Interestingly, George Monbiot takes an almost identical tack in his own piece on the Guardian Website, Comment Is Free. Rather than grapple with any of the very obvious evidence of conspiracy to change data, conspiracy to not divulge information to unworthy opponents, conspiracy to bludgeon peer-review journals into following the party line, these guys set up a facile and caricatured straw man which surprise surprise is not in the emails.

So climate scientists don't sit around their George-Soros funded Dr Evil lair twirling their 1920's mustachoi laughing maniacally while US taxpayer money is burned in the fireplace to keep the chill off? Really? How interesting.

Groundhog Day



You would be forgiven for wondering if this was 2003, rather than 2009. ClimateGate is just getting going, with absolutely loads of dramatic public policy questions at stake, and literally trillions of dollars, pounds, yuan and yen at stake- and what is the big story on the BBC website?

Yes, it's that hot story of the day month millenium, yet another chance for lefties to bemoan the evil events that led up to the greatest tragedy in world history, the invasion of Iraq and deposing of Saddam Hussein, Humanitarian and Kurd-gasser. It's one final chance to ascertain whether we invaded Iraq to kill a desparately awful dictator and free his people, or whether we invaded Iraq to find weapons of mass destruction and kill a desperately awful dictator and free his people. The very fate of all we hold dear hangs in the balance, as I'm sure you agree.

UPDATE

Just saw the BBC News at Ten headlines on the telly- there have been four previous enquiries into the Iraq war. That's right- its an annual event now! Fantastic use of taxpayer money, indubitably!

Monday, November 23, 2009

Do you really want this BBC?



Imagine, if you will, a world where...

The BBC was actually a news organisation.

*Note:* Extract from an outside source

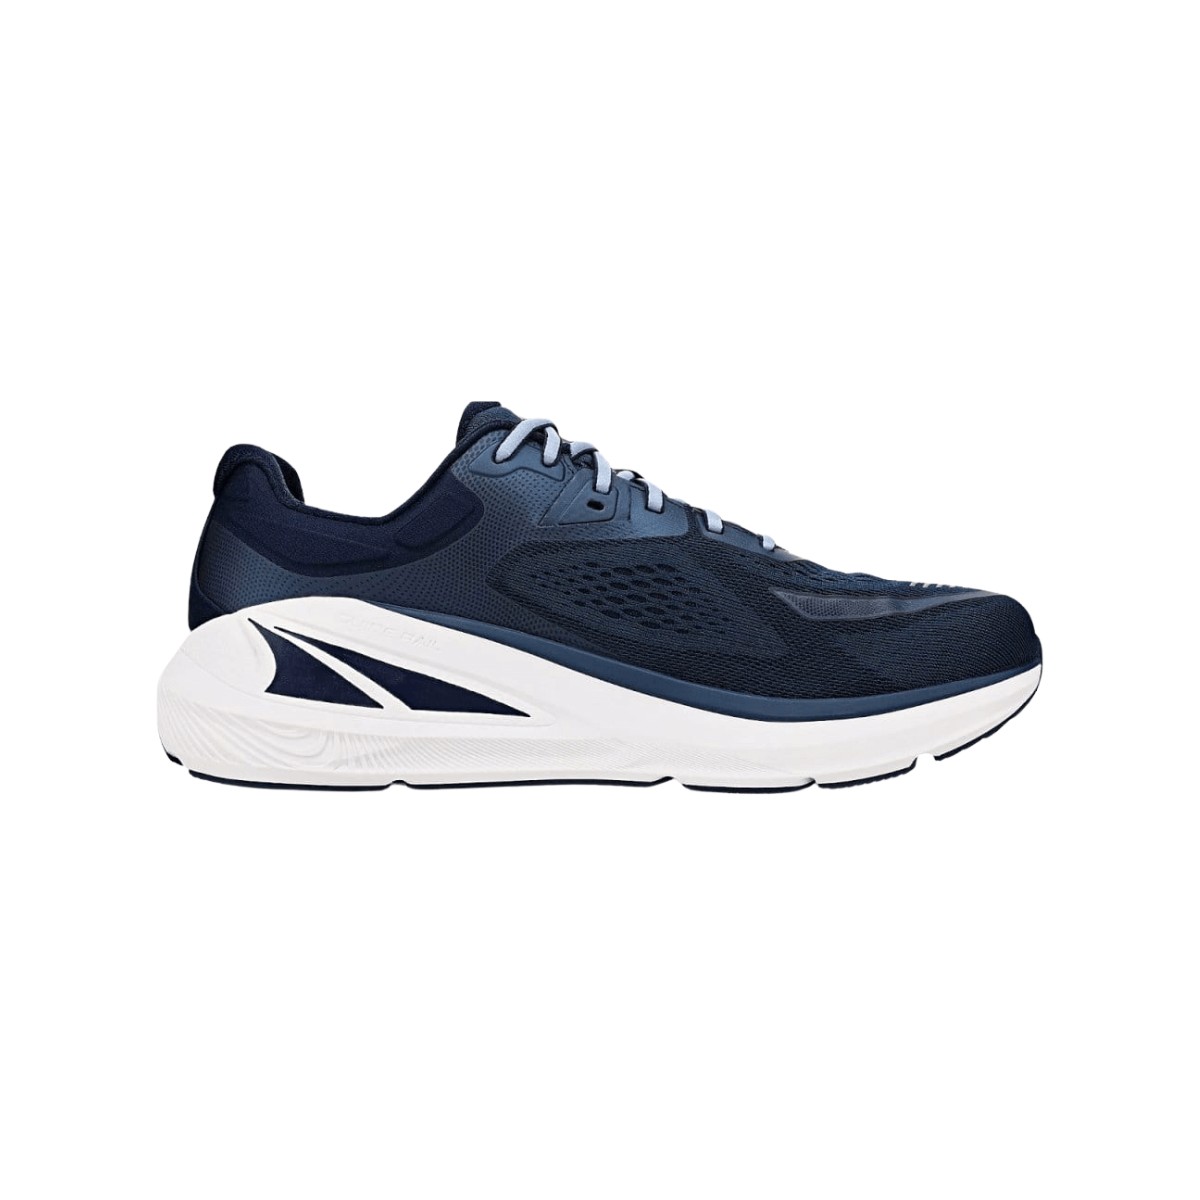 Altra Paradigma 6.0 Schuhe Blau AW22, Größe 42 - EUR

Imagine if you will, a 61Mb trove of hacked emails pilfered from the White House email system containing thousands of emails between March 2002 and March 2003. In the emails Tony Blair and George W Bush, along with numerous of their advisors and generals, discuss a dossier of exaggerated, manipulated and/or faked intelligence about non-existent Weapons of Mass Destruction; which they were preparing to provide a figleaf of cover for their savage joint enterprise of invading poor little Iraq.

Imagine that someone with inside access got this 61Mb of email and documentary data, and posted it on their own website. They made the material freely available to news organisations or whoever was interested.

Now imagine how long it would take for the contents of those emails to get on the BBC website.

It has been exactly six days since the 61Mb of emails from the East Anglia University Global Warming Hysteria Propagation Unit and so far the response of the BBC has been... (see above).

What day did the BBC stop being a news organisation, and become a Political Correctness-enforcing, Muslim-terror news suppressing, Global Warming advocating, Left-wing-cause promoting £3.2 billion drain on the national pocket-book?